The percentage of NTM lung infection increases with age but varies significantly between countries (6). The prevalence and the mortality rate due to NTM disease have been progressively rising worldwide (2). A study conducted between 2004 and 2006 in the USA suggested that the mean annual site-specific prevalence rates ranged from 1.4 to 6.6 per 100,000 individuals (7). Another population-based study conducted in five states of the USA revealed that the estimated NTM disease prevalence increased from 9.2 to 15.2 per 100,000 persons between the years 2008 and 2013 (8). A study from the UK reported an increase in the incidence of pulmonary NTM-positive cultures from 4.0 to 6.1 per 100,000 people from 2007 to 2012 (9). Another study revealed that the annual prevalence of NTM in a population with > 65-years-old significantly increased from 20 to 47 cases/100,000 persons from 1997 to 2007. Of these, 90% of the individuals were Caucasians, and the remaining persons were Blacks and Asians/Pacific Islanders (6). In China, the isolation rate of NTM increased from 3% in 2008 to 8.5% in 2012 (10). Non-tuberculous mycobacteria usually cause chronic lung infection and are recognized as one of the major emerging pathogens. They are often misdiagnosed as multidrug-resistant tuberculosis (MDR TB) due to the difficulty in distinguishing the clinical symptoms between TB and NTM disease (11).

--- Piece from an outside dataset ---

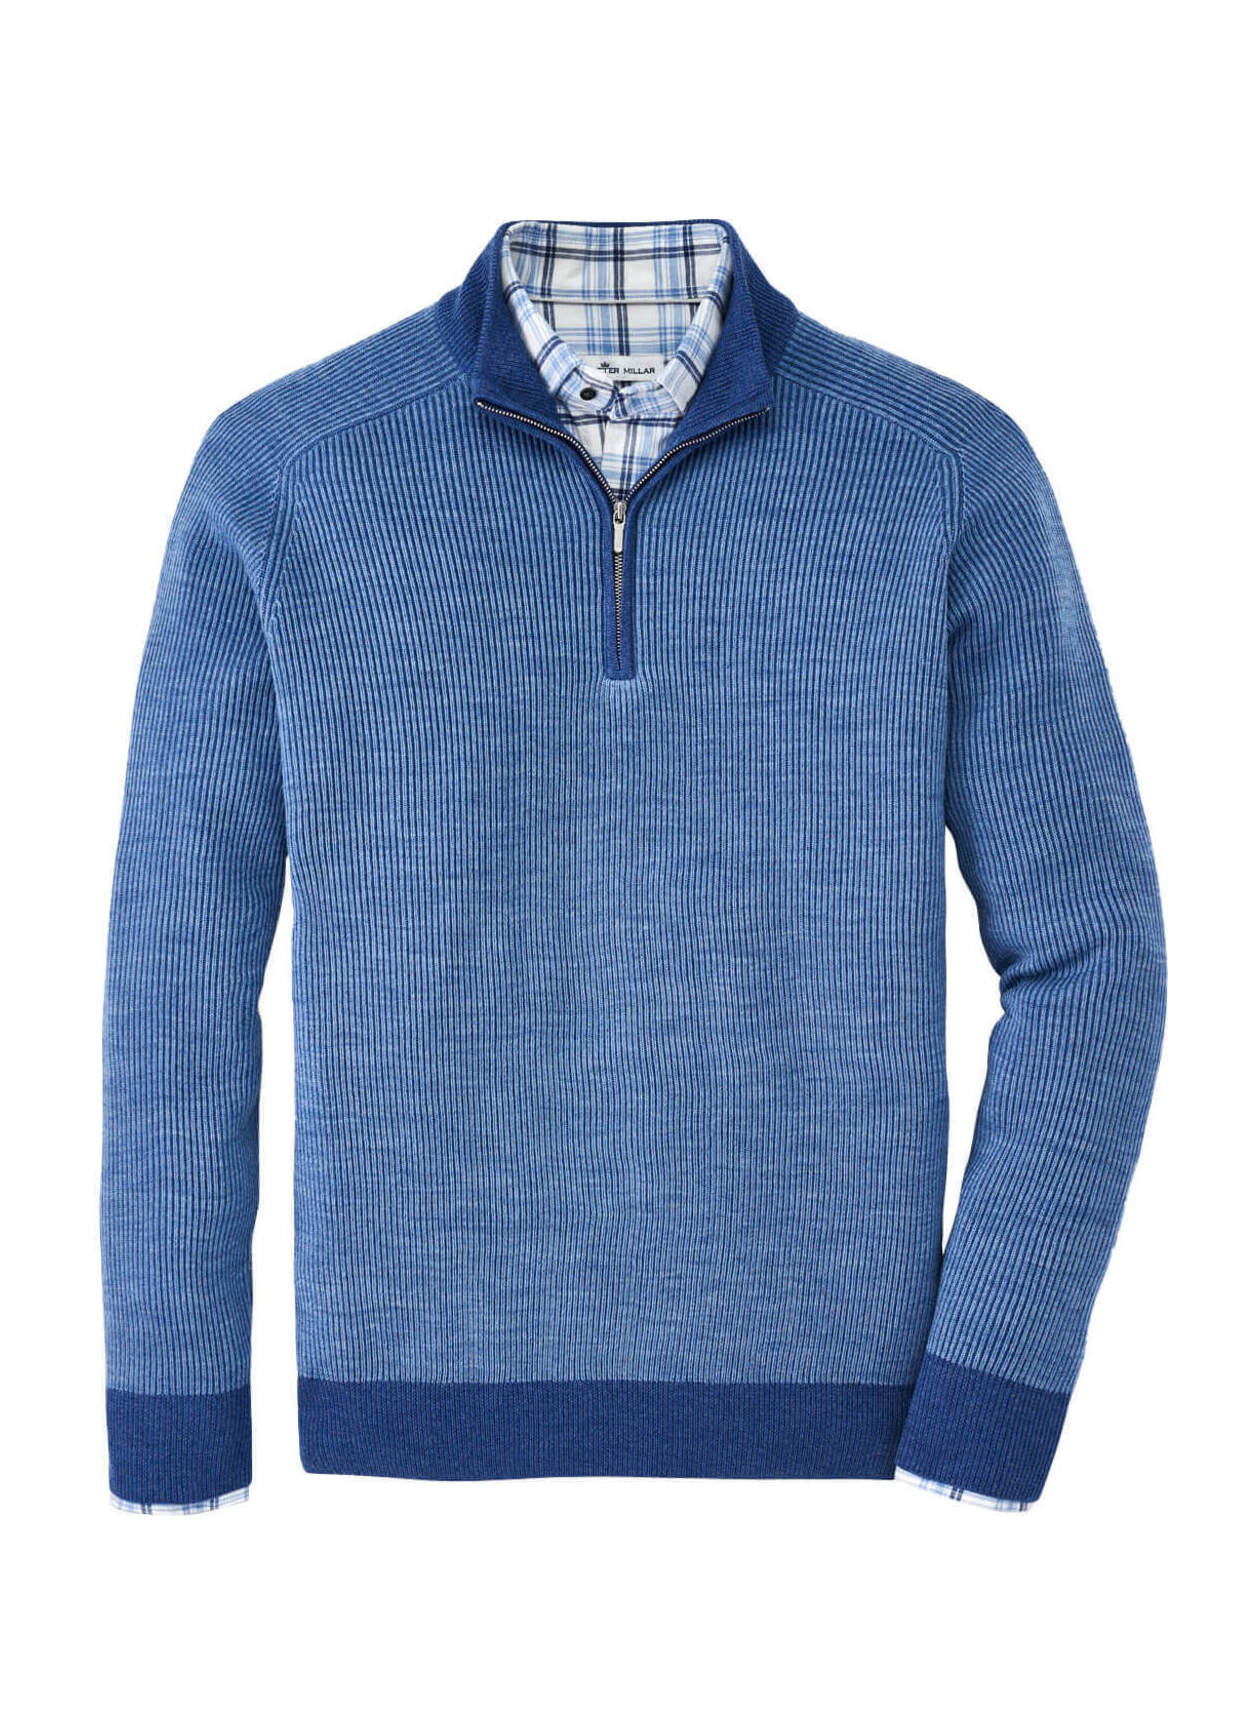 Peter Storm sweaters?  Men's Clothing Forums

Non-tuberculous mycobacteria are also resistant to many of the first- and second-line drugs used to treat tuberculosis; hence, an accurate diagnosis and drug-susceptibility testing are crucial for effective clinical management of NTM infections (12). A study from China reported high drug resistance by NTM to first-line anti-TB drugs, of which 30.7% of the isolates were suspected to be of MDR-TB cases and 4.0% of TB re-treatment cases. The results indicate that pulmonary infections caused by NTM may lead to substantial difficulties in the treatment of NTM and MDR-TB diseases in China (13). The microscopic observation drug susceptibility (MODS) assay is an economical, highly sensitive, and rapid method for the detection of M. tuberculosis (14). The World Health Organization (WHO) has recommended MODS as an affordable and highly effective alternative to existing gold standard liquid mycobacterial culture methods for testing sputum samples of TB suspected individuals (15). Although MODS has several advantages, due to concerns about the biosafety and efficiency of large sample handling, the use of MODS is very limited in resource-limited settings (16).

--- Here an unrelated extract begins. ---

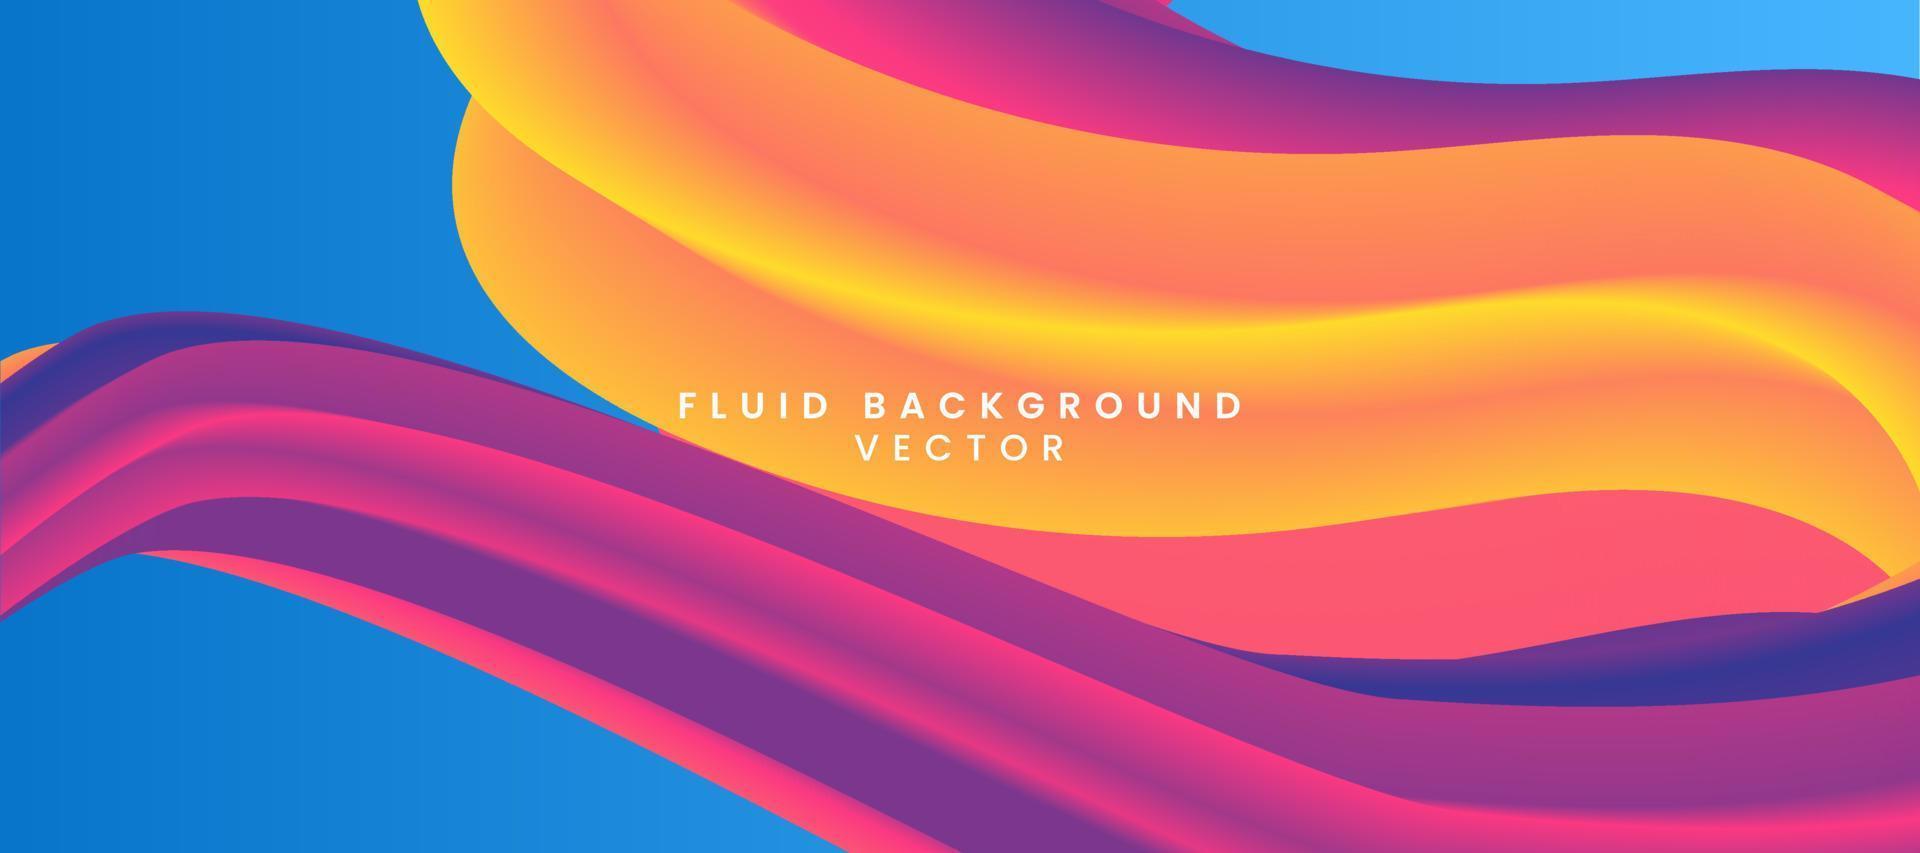 abstract fluid background vector illustration template

In high-TB-burdened settings, a large number of sputum samples are to be processed, and doing MODS requires more resources and time due to the manual reading of every well by trained laboratory professionals. Furthermore, the ability of MODS in differentiating M. tuberculosis and NTM is questionable (17). To overcome these shortcomings, a recent study by Wang et al. (16) attempted to evaluate the automated MODS (auto-MODS) assay and evidenced that in resource-limited settings, auto-MODS could be a cost-sensitive and effective alternate diagnostic tool for TB diagnosis (16).
2. Objectives
The present study determined the prevalence and antimicrobial susceptibility of non-tuberculous mycobacteria isolated from sputum samples of patients with pulmonary infections.
3. Methods
3.1. Patients and Samples
Consecutive patients who were suspected of pulmonary and extra-pulmonary tuberculosis and admitted to the Department of Laboratory Medicine, Danyang People’s Hospital of Jiangsu Province, China, between April 2018 and September 2019 were included. Patients with confirmed TB were excluded from the study. Informed consent was obtained from each patient or their legal heirs. Early morning well-coughed sputum samples were collected. The collected sputum samples were stored immediately at 2 - 4°C and processed within seven days. Sputum samples were processed using modified Petroff’s method, as described by Tripathi et al. (18). Briefly, 3 - 5 mL of the sputum sample was homogenized with an equal volume of 4% NaOH in a shaker for 15 min. The homogenate was spinning for 15 min at 3,000 rpm. Then, the supernatant was discarded, and 20 mL of sterile distilled water was added to the deposit for neutralization. Again, the sample was spinning for 15 min at 3,000 rpm. After processing, the sputum samples were split into different aliquots in a sterile screwcap container. Of these, only the acid-fast bacilli (AFB)-positive sputum samples were used for further analysis.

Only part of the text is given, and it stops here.